Историки обычно не обращали внимания на такие подробности, отмечая только факт преступления. Однако почему бы местному населению при удобном случае было не приложить все усилия, чтобы разведать у евреев, где они прячут свое мифическое золото?
В местности Холежин (недалеко от нынешнего аэропорта Балице под Краковом) прятался некий Мариан Хаба. Он скрывался до тех пор, пока до местных не дошли слухи, что где-то он прячет золото. Вызванный крестьянами гранатовый полицейский после войны дал показания: «Когда я пришел на место, то увидел не человека, а только бесформенную массу. Лица совершенно нельзя было распознать.
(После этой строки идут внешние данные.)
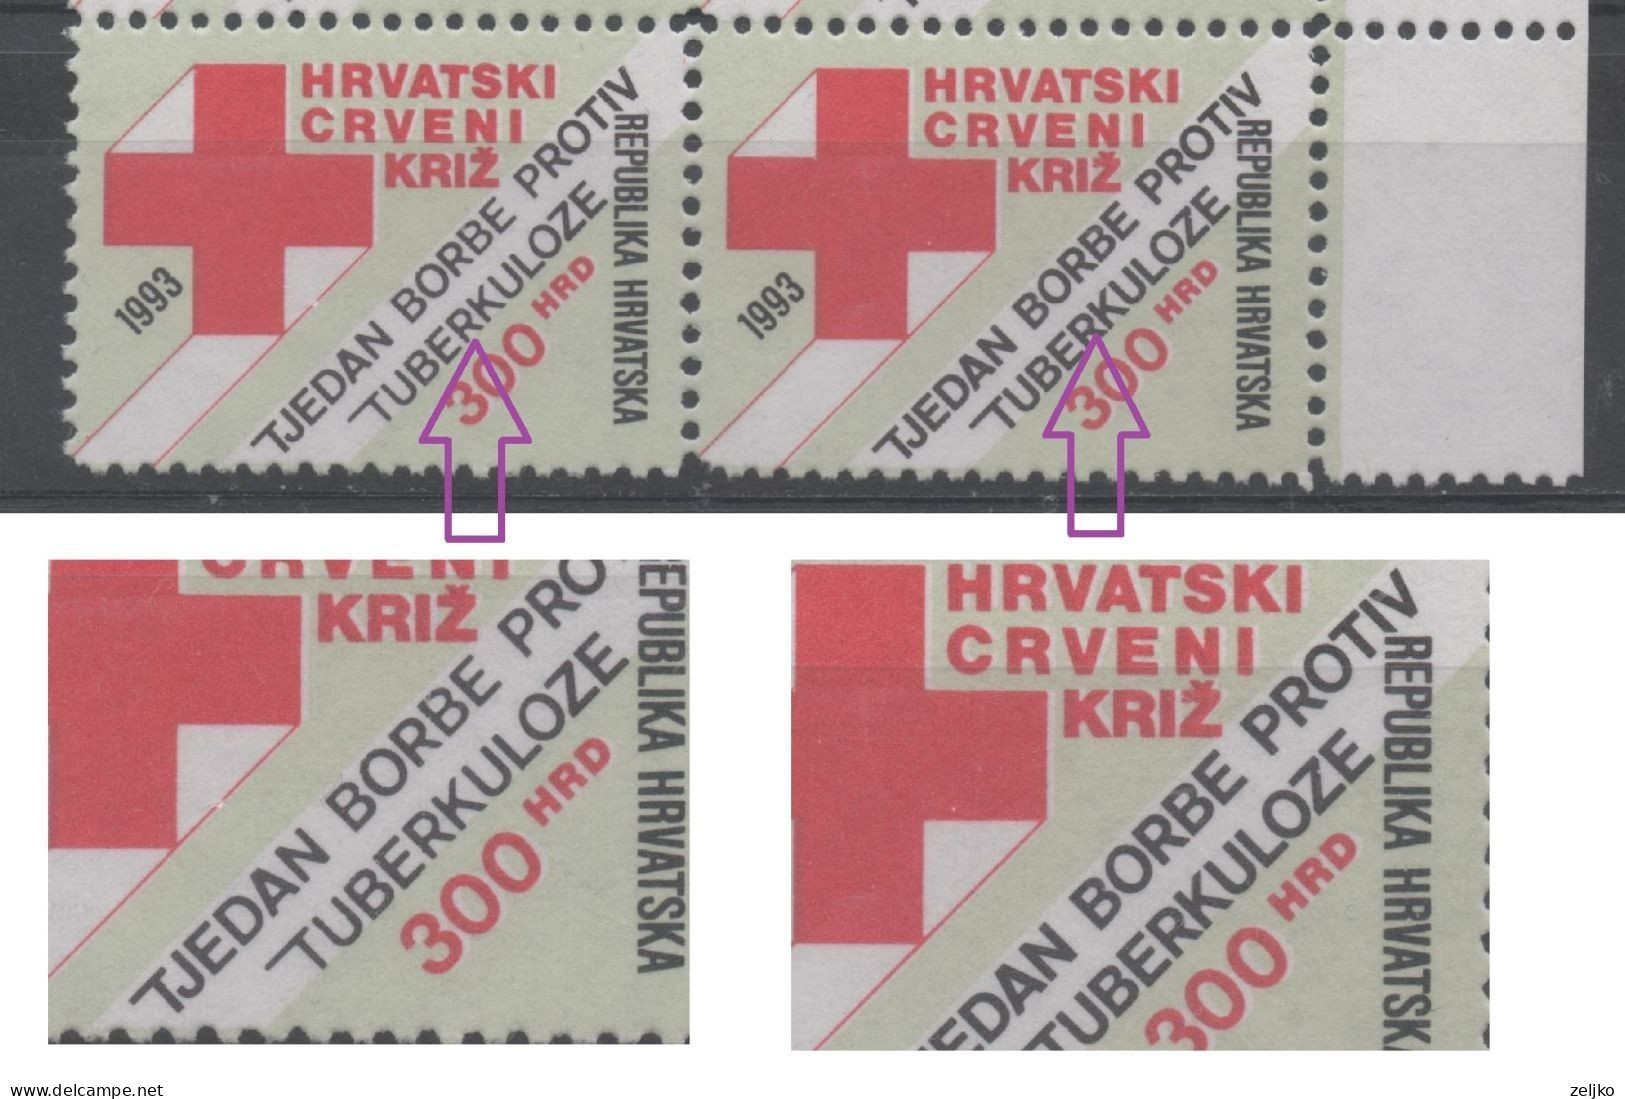 Croatia, Error, 1993, MNH, Michel 30, Difference In Thickness Of The Inscription, Red Cross - Croazia

Люди говорили, что этого еврея убили, потому что он где-то прятал 5 кг золота» [106] Grabowski J. Ratowanie Żydów za pieniądze: przemysł pomocy // Zagłada Żydów. 2008. N 4. S. 103–104.
.
Понемногу мы начинаем понимать, откуда взялось часто встречающееся в еврейских воспоминаниях о том времени мнение, что «местные» (это могли быть украинцы, литовцы или поляки) «были хуже немцев», хотя хорошо известно — и евреи знают это лучше других, — что Холокост был делом рук нацистов, охватившим Европу во время войны в результате германской оккупации. Эту странную черту еврейской памяти можно понимать так, что смерть от руки своих сопровождается особыми мучениями — в моральном смысле слова, из-за очевидного акта предательства, жертвой которого становится человек [107] Густав Херлинг-Грудзинский произнес в этой связи знаменитую фразу, хотя опыт, который его натолкнул на эту мысль, относится к советскому ГУЛАГу: «В этом было что-то нечеловеческое, что-то безжалостно рвущее единственную цепь, казалось бы, естественно объединяющую заключенных: их солидарность перед лицом преследователей» ( Herling-Grudziński G. Inny świat. Zapiski sowieckie. Warszawa: Czytelnik, 1991. S. 56).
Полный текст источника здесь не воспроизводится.